Is this mathematically correct for a basic proof that the derivative of the Heaviside function is equal to the delta function? I don't know much about distributions so I kept everything integrated.
$$H(x) = \begin{cases}0 & x < 0\\\frac{1}{2} & x = 0\\1 & x>0\end{cases}$$ $$\delta (x) = \begin{cases}\infty & x = 0\\0 & x\neq 0\end{cases}$$
$$\forall a > 0$$
$$\int_{-\infty}^{\infty}\delta (x) \;dx = \int_{-\infty}^{a}\delta (x) \;dx = 1$$
$$\frac{d}{da}\int_{-\infty}^{a}H(x)\;dx = \frac{d}{da}\int_{0}^aH(x)\;dx = \frac{d}{da}\int_{0}^adx = 1$$
$$\therefore\frac{d}{da}\int_{-\infty}^{a}H(x)\;dx = \int_{-\infty}^{a}\delta (x) \;dx $$
A distribution is a linear functional on a space of "nice" functions, e.g. $C_c^\infty$, infinitely differentiable functions with compact support.
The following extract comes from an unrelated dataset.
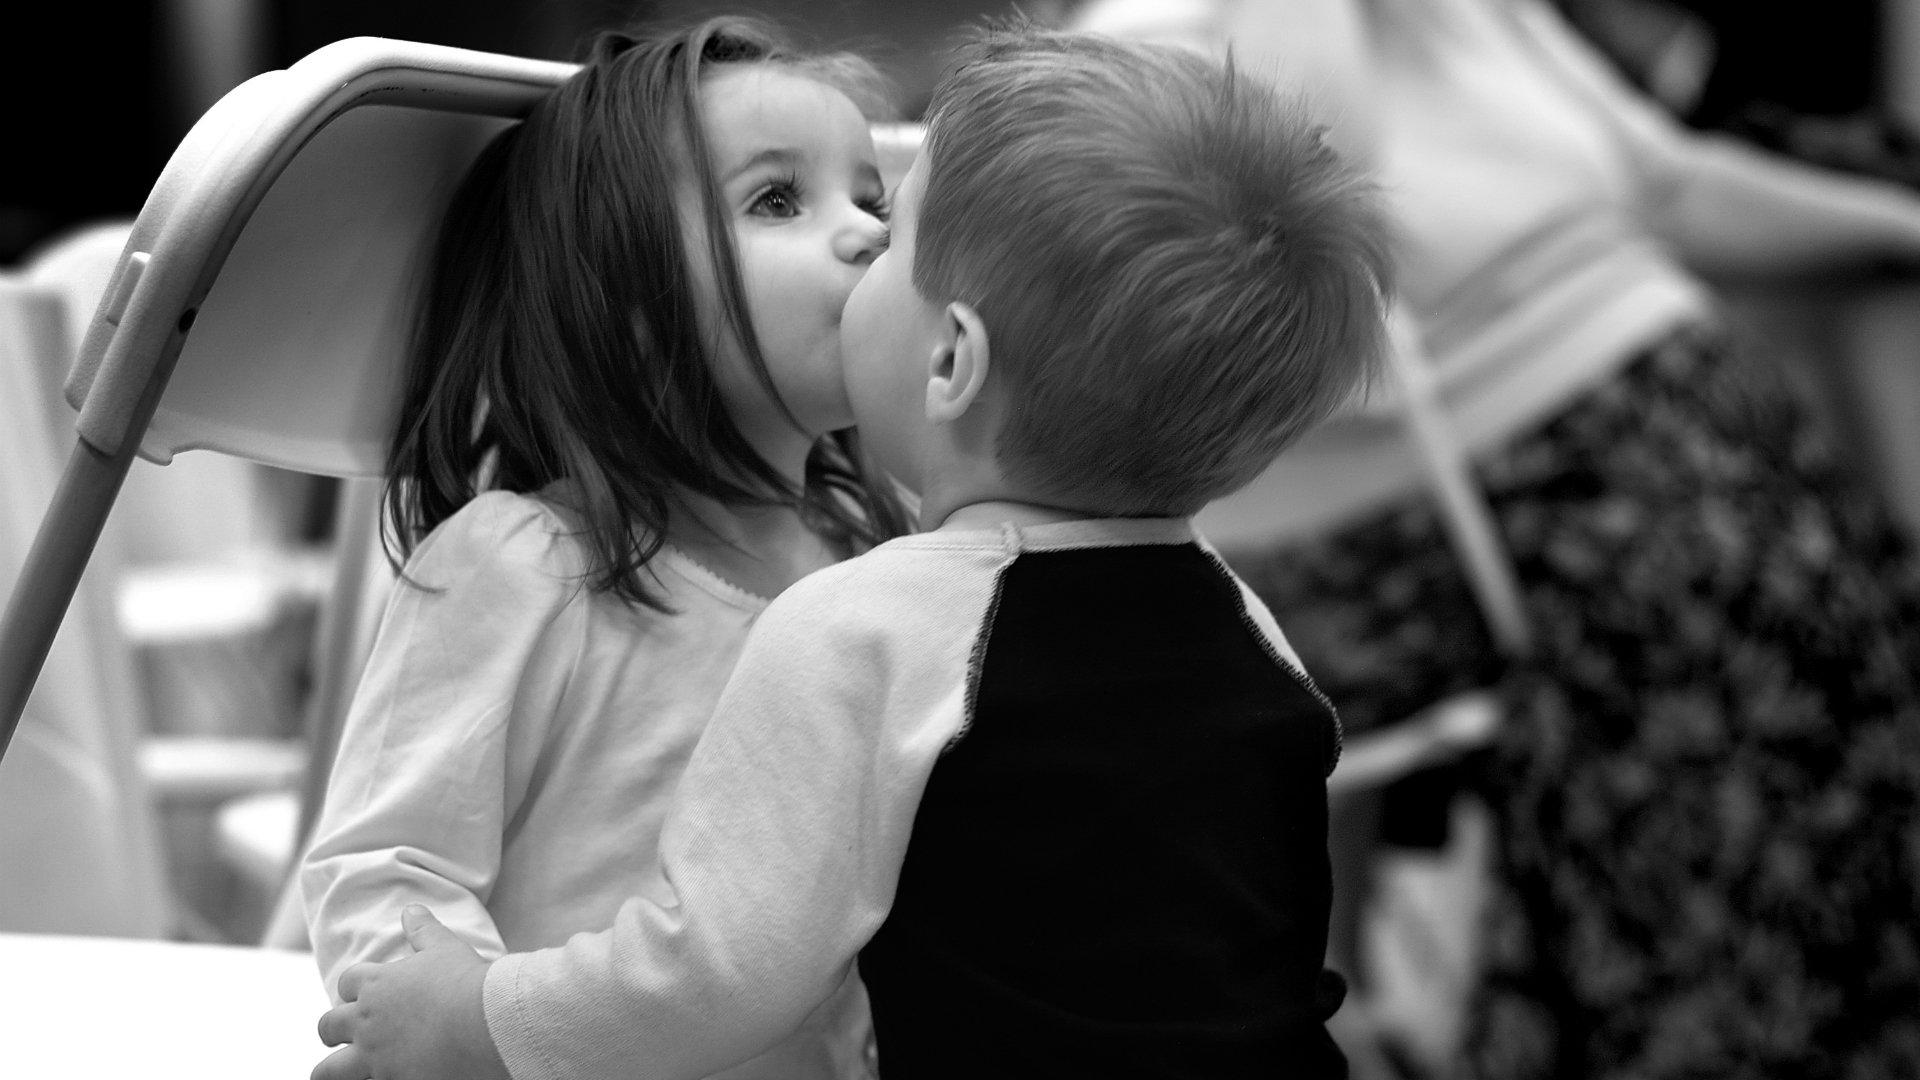 Фото целующихся девочек друг с другом 5 фотография

The application of a distribution $u$ on a nice function $\phi$ is often written $\langle u, \phi \rangle$.
The derivative of a distribution is defined by $\langle u', \phi \rangle := - \langle u, \phi' \rangle$. This formula is motivated by integration by parts, $\int f'(x) \, \phi(x) \, dx = - \int f(x) \, \phi'(x) \, dx$ when $\phi(x) = 0$ for big $|x|$.
These definitions give, for any smooth $\phi$ which vanishes at infinity, $$ \langle H', \phi \rangle = - \langle H, \phi' \rangle = - \int H(x) \, \phi'(x) \, dx = - \int_0^\infty \phi'(x) \, dx \\ = - \left( \phi(\infty) - \phi(0) \right) = \phi(0) = \langle \delta, \phi \rangle .$$
Since this is valid for all nice $\phi$ we have $H' = \delta$.